Entries provided:
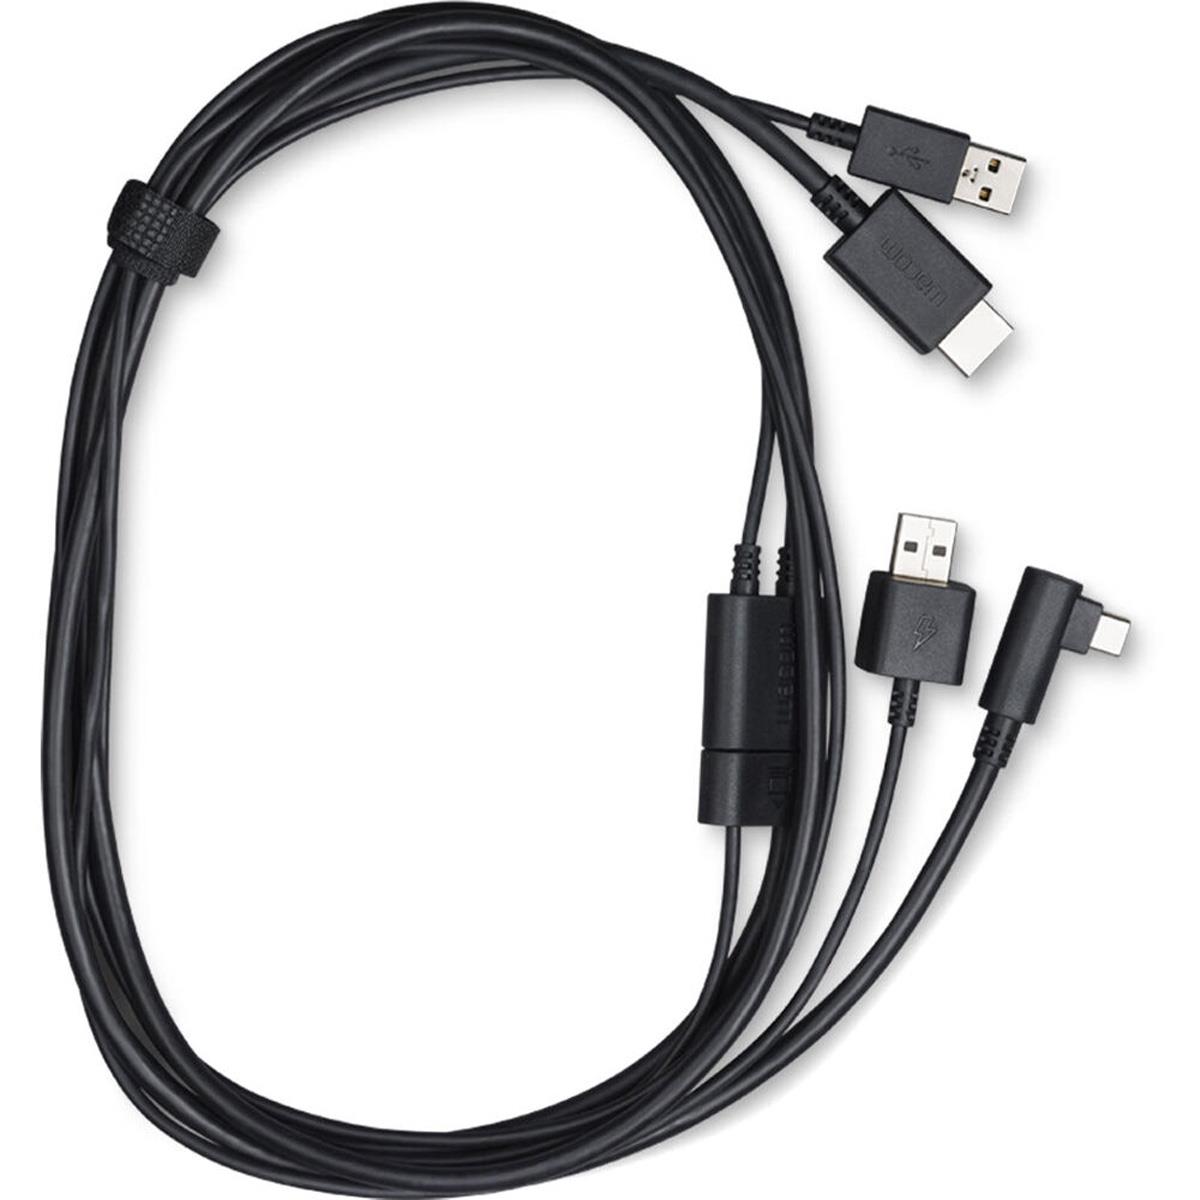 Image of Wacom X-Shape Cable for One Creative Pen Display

---

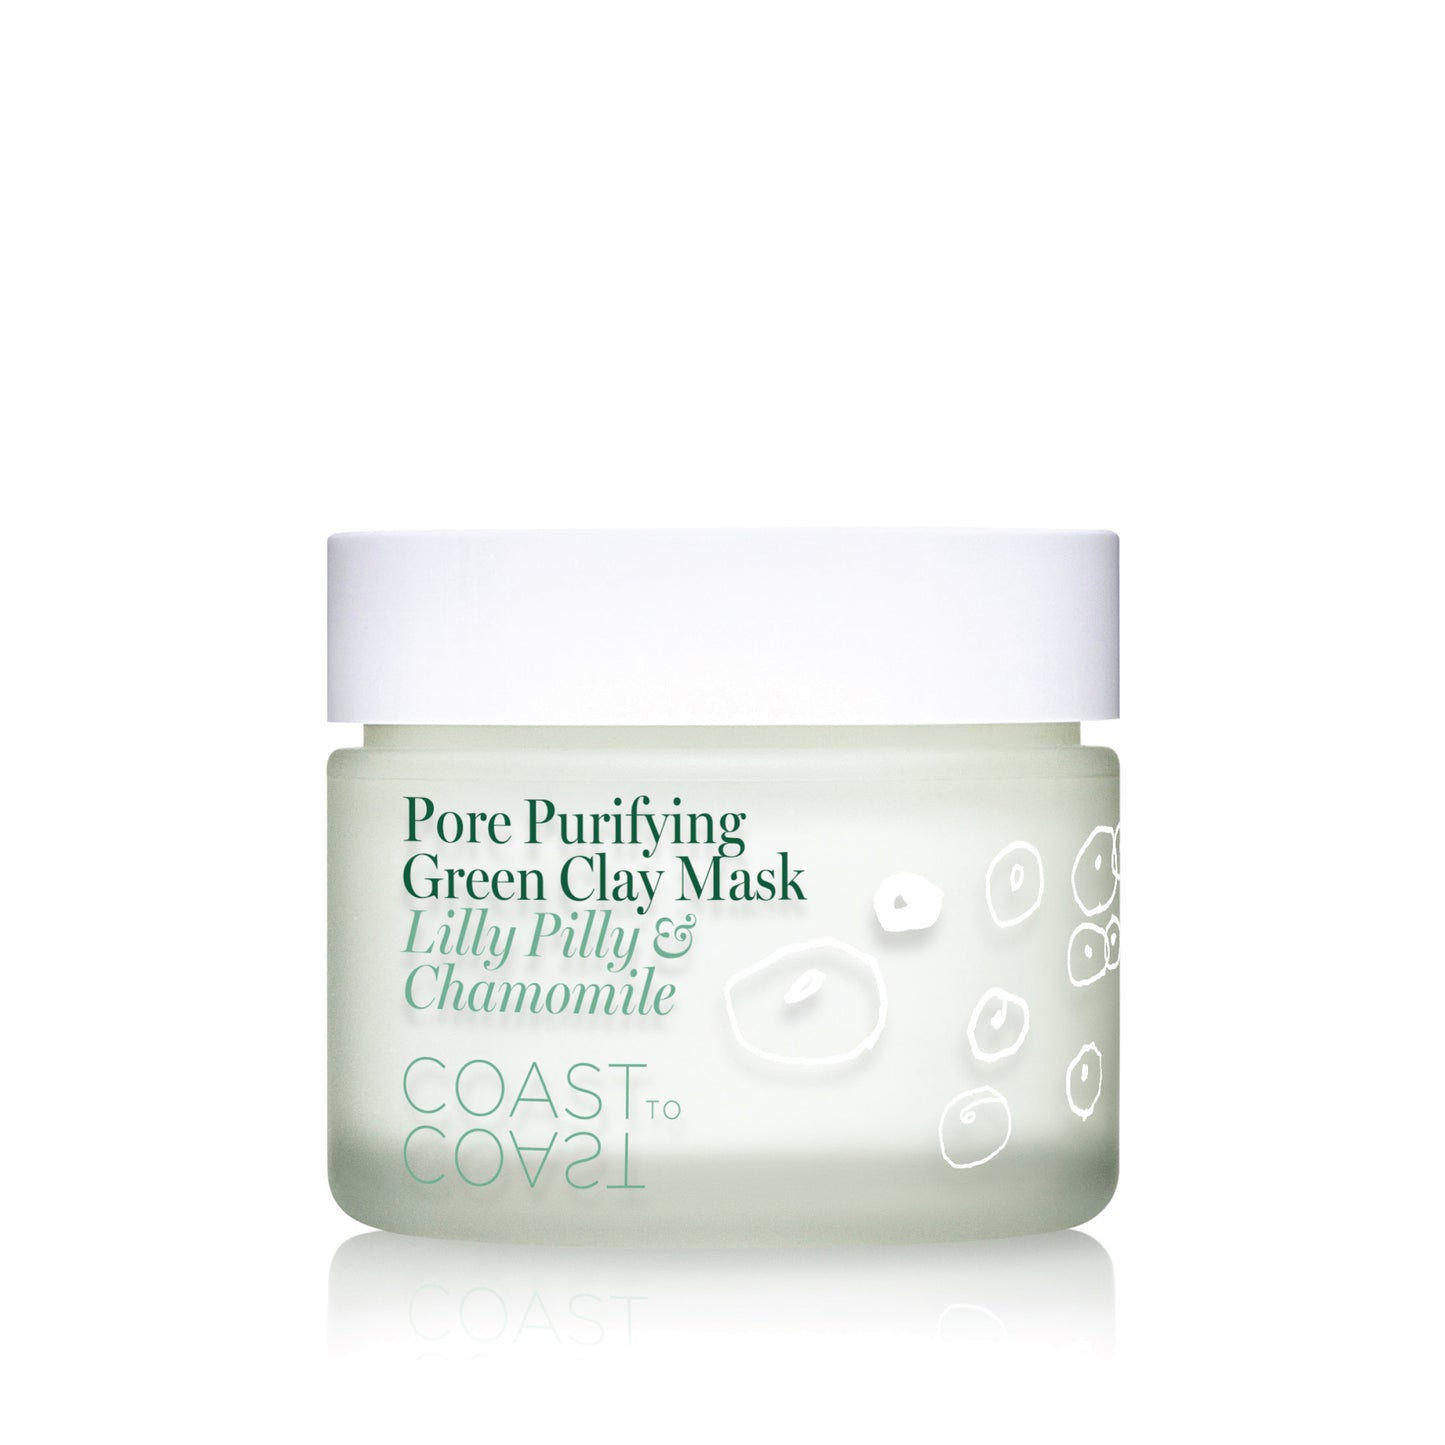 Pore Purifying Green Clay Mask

---

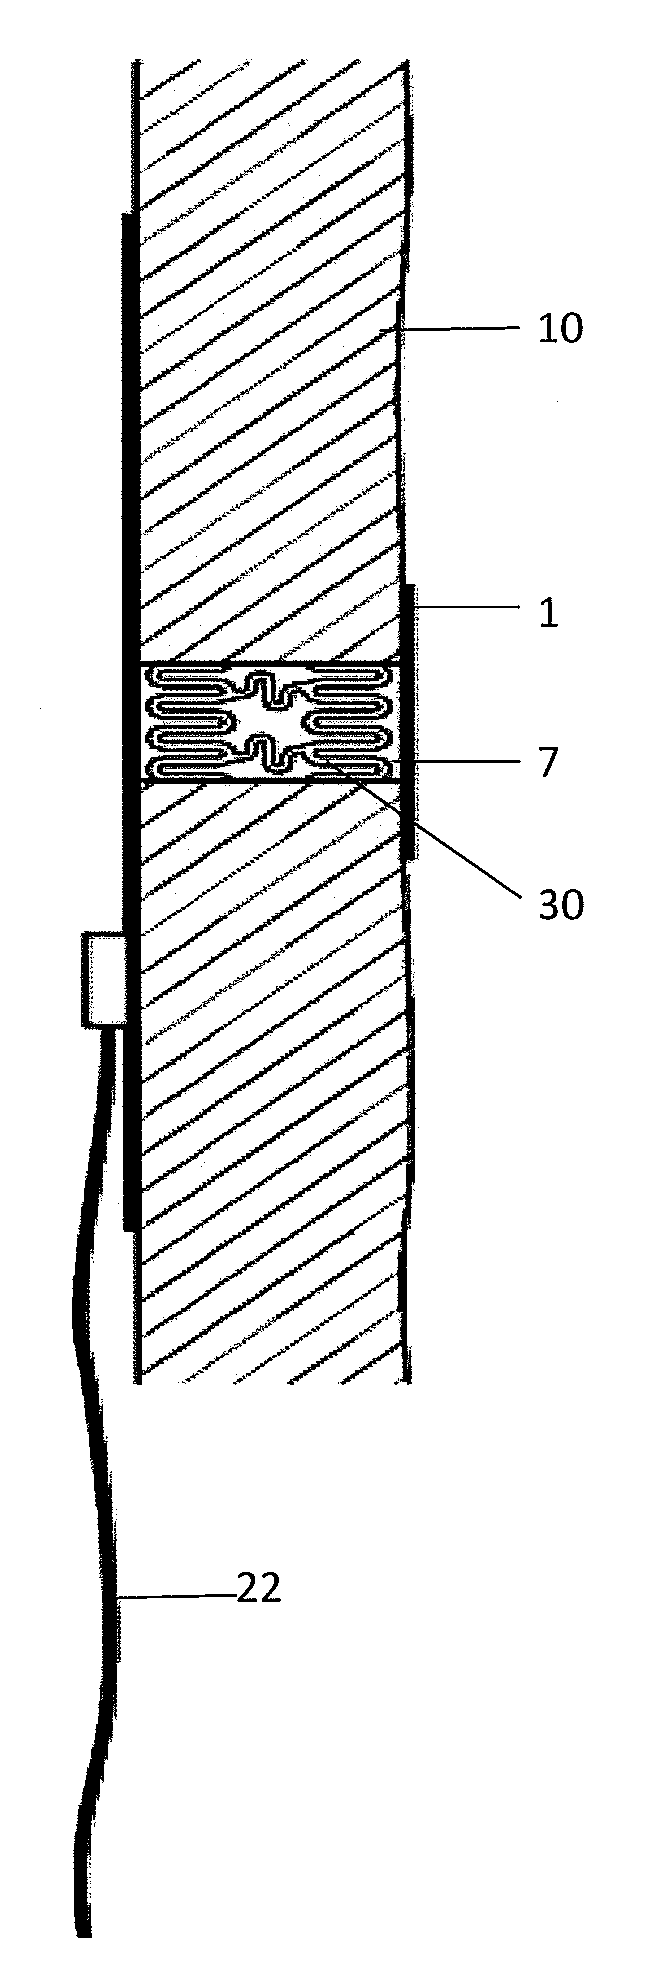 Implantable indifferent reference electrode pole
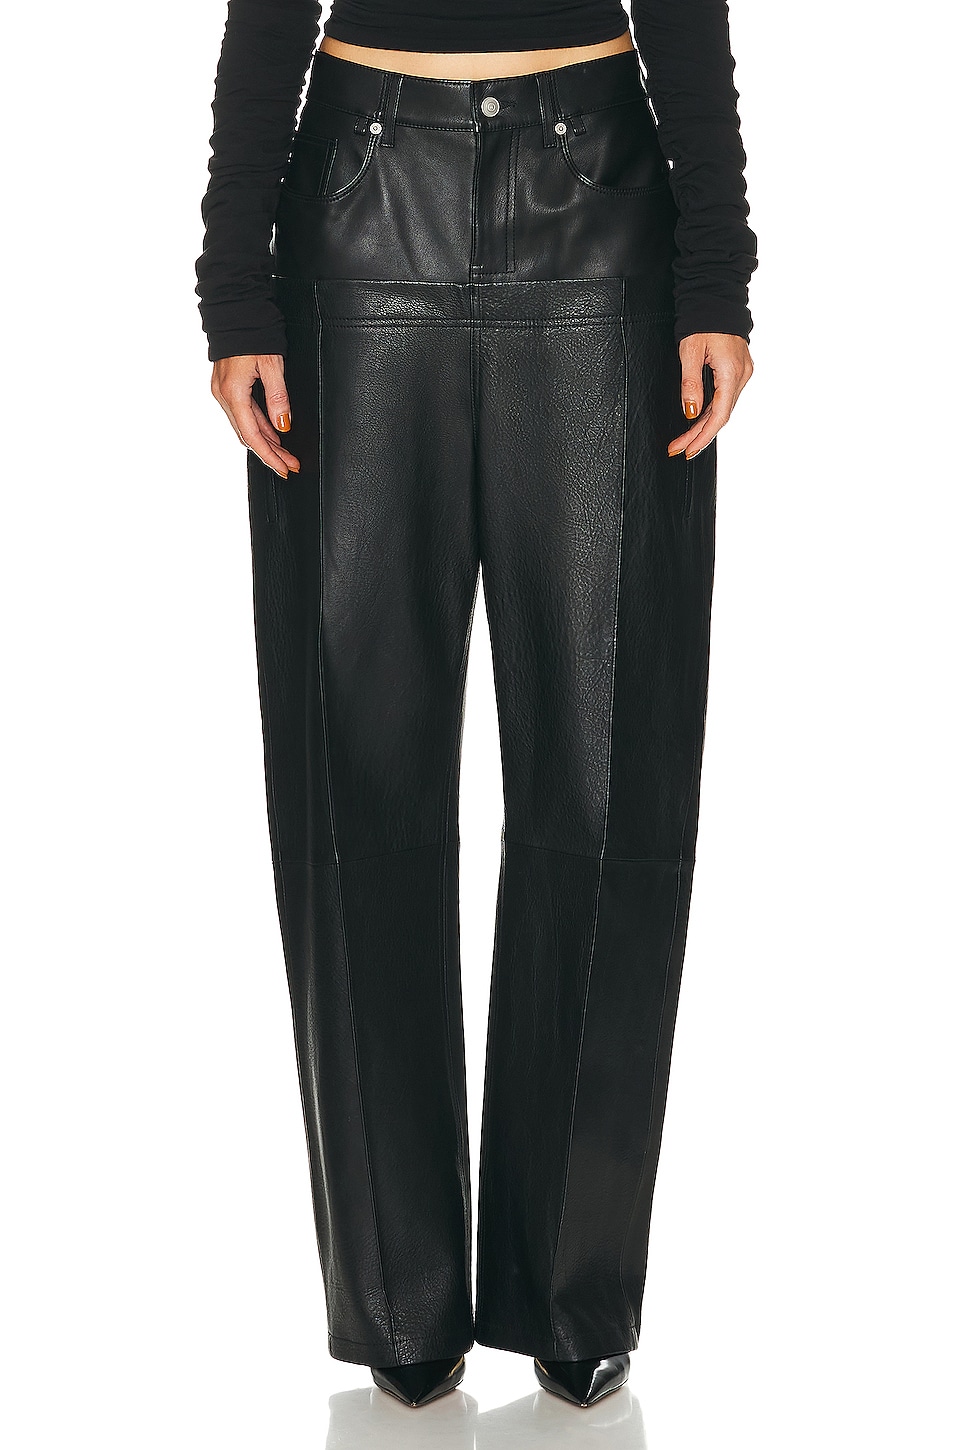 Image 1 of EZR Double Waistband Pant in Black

Assigned task:
Only one part of the listing is wanted: the lines from the one containing "Implantable indifferent reference" through the one containing "Image 1 of EZR", both included. Please transcribe it exactly, leaving out the pictures.

Task answer:
 Implantable indifferent reference electrode pole
 Image 1 of EZR Double Waistband Pant in Black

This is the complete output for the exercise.